In the past I’d tried self-medicating with cannabis, but Sertraline was more effective at dulling the worst aspects of OCD for me. It’s vice-like grip on my brain seemed to ease. I wasn’t as worried about intrusive thoughts and had fewer as a result. The taunting voice didn’t set me as many absurd challenges and when it did I was more able to resist. It was easier to go out and socialise, easier to deal with everyday life. The drugs worked. They helped me traverse that no-mans land, that dark void. I’d crossed the rubicon back to the land of the living.

An article published by The Wall Street Journal on March 31st carried the ridiculous headline ‘We All Need OCD Now.’ No.

Suffering from a debilitating mental illness is not something to aspire to, and life lived in the shadow of anxiety is no life at all. That’s what I tell myself. I have to remain vigilant and resist the irrational voice in my head, I can’t afford to succumb to those demons.

OCD takes away opportunities and experiences. It reduces life down to a series of tedious repetitive thoughts and behaviours. It provides no useful function. It’s no small irony that after volunteering for a drug trial to test the efficacy of a potential vaccine for Covid-19 and passing the first stage checks on physical eligibility, I was rejected due to the OCD diagnosis that appeared on my health record.

As The Daily Mash cruelly observed: “Washing boxes of fish fingers used to be the kind of behaviour that Channel 5 enjoyed making lurid documentaries about. But now we’re all obsessive-compulsive clean freaks who think nothing of rinsing a packet of crumpets under the tap.”

Gallows humour. But my heart sinks when I hear about people washing their groceries. It’s just the sort of thing I would’ve done in the bad old days, when I was at my lowest and most irrational. Back when I was so concerned about touching the outer packaging of food I’d eat crisps with a fork.

Suffering from a debilitating mental illness is not something to aspire to, and life lived in the shadow of anxiety is no life at all.

But for me it wasn’t about the threat of a dangerous virus, it was about a fear of some unknown terror. A constant low-level sense of dread permeated everything.

This bad thing that might happen meant I had to find ways to reduce the chances of such a catastrophe, however seemingly absurd. That level of irrational fear is hard to maintain without it taking a significant mental toll. All the time worrying about what I’ve touched and what someone else has touched. It’s a surprise to me that it’s a surprise to people that other people touch things. At times I’ve thought about little else.

If, while travelling on public transport, I see someone press the bell with their hand inside their sleeve, or holding onto the handrail with a tissue, the little OCD gremlin inside me grins. He thinks he’s been vindicated. I tell him to get lost. I’ve spent too many years trying to avoid thinking about these things, trying to forget such preoccupations. I’m good at forgetting, but the world has suddenly become intent on reminding me of this neurosis. Now it’s much harder to forget. Just when I thought I’d put the worst of it behind me the hell that I once thought was confined to my own mind seems to have escaped out into the world at large.

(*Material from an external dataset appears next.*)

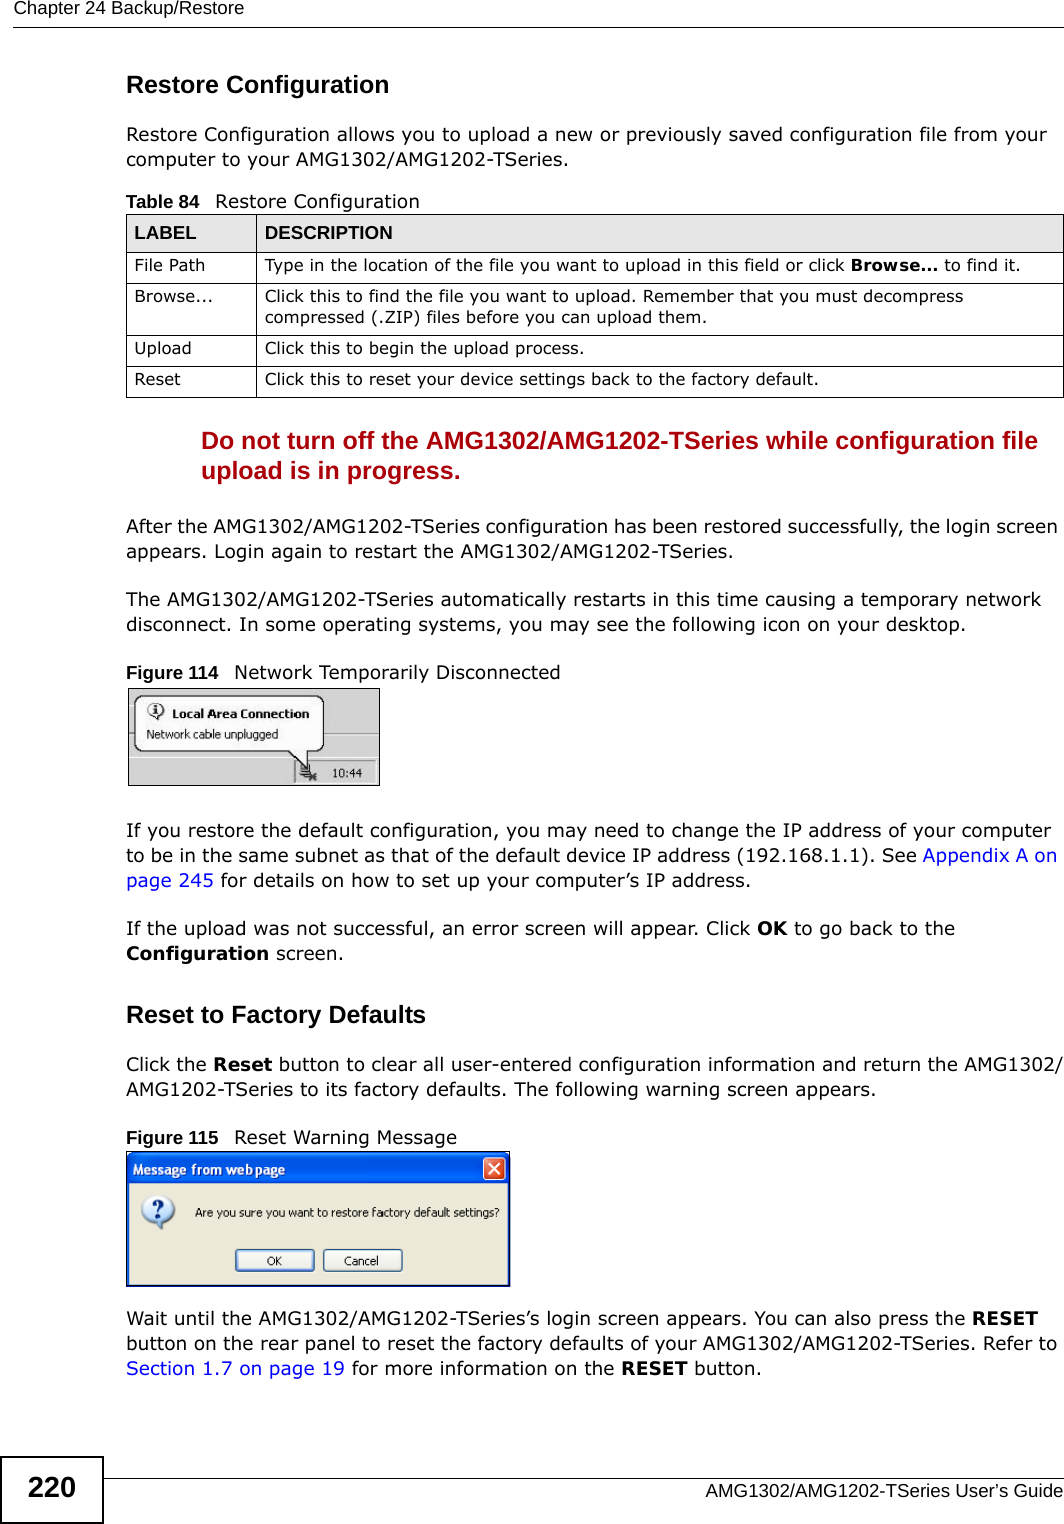 Chapter 24 Backup/RestoreAMG1302/AMG1202-TSeries User’s Guide220Restore Configuration Restore Configuration allows you to upload a new or previously saved configuration file from your computer to your AMG1302/AMG1202-TSeries.Do not turn off the AMG1302/AMG1202-TSeries while configuration file upload is in progress.After the AMG1302/AMG1202-TSeries configuration has been restored successfully, the login screen appears. Login again to restart the AMG1302/AMG1202-TSeries. The AMG1302/AMG1202-TSeries automatically restarts in this time causing a temporary network disconnect. In some operating systems, you may see the following icon on your desktop.Figure 114   Network Temporarily DisconnectedIf you restore the default configuration, you may need to change the IP address of your computer to be in the same subnet as that of the default device IP address (192.168.1.1). See Appendix A on page 245 for details on how to set up your computer’s IP address.If the upload was not successful, an error screen will appear. Click OK to go back to the Configuration screen. Reset to Factory Defaults  Click the Reset button to clear all user-entered configuration information and return the AMG1302/AMG1202-TSeries to its factory defaults. The following warning screen appears.Figure 115   Reset Warning MessageWait until the AMG1302/AMG1202-TSeries’s login screen appears. You can also press the RESET button on the rear panel to reset the factory defaults of your AMG1302/AMG1202-TSeries. Refer to Section 1.7 on page 19 for more information on the RESET button.Table 84   Restore ConfigurationLABEL DESCRIPTIONFile Path  Type in the location of the file you want to upload in this field or click Browse... to find it.Browse...  Click this to find the file you want to upload. Remember that you must decompress compressed (.ZIP) files before you can upload them. Upload  Click this to begin the upload process.Reset Click this to reset your device settings back to the factory default.

Perhaps I thought that if I spoke about my OCD, if I said its name out loud, then I would conjure it into a more tangible existence. That it would become more real and more powerful. In fact the opposite is true.

Speaking about it, writing about it, has diminished its power. My advice to anyone who recognises themselves in any of this is not to feel afraid of seeking help. Don’t be scared to open up about what you’re going through. Or if a friend or loved one seems to be having a hard time, reach out, ask them if they’re okay. Talking helps.

I kept my struggles hidden for too long. There are pathways out of this dark tunnel, sometimes we just need a helping hand to guide us through to the other side.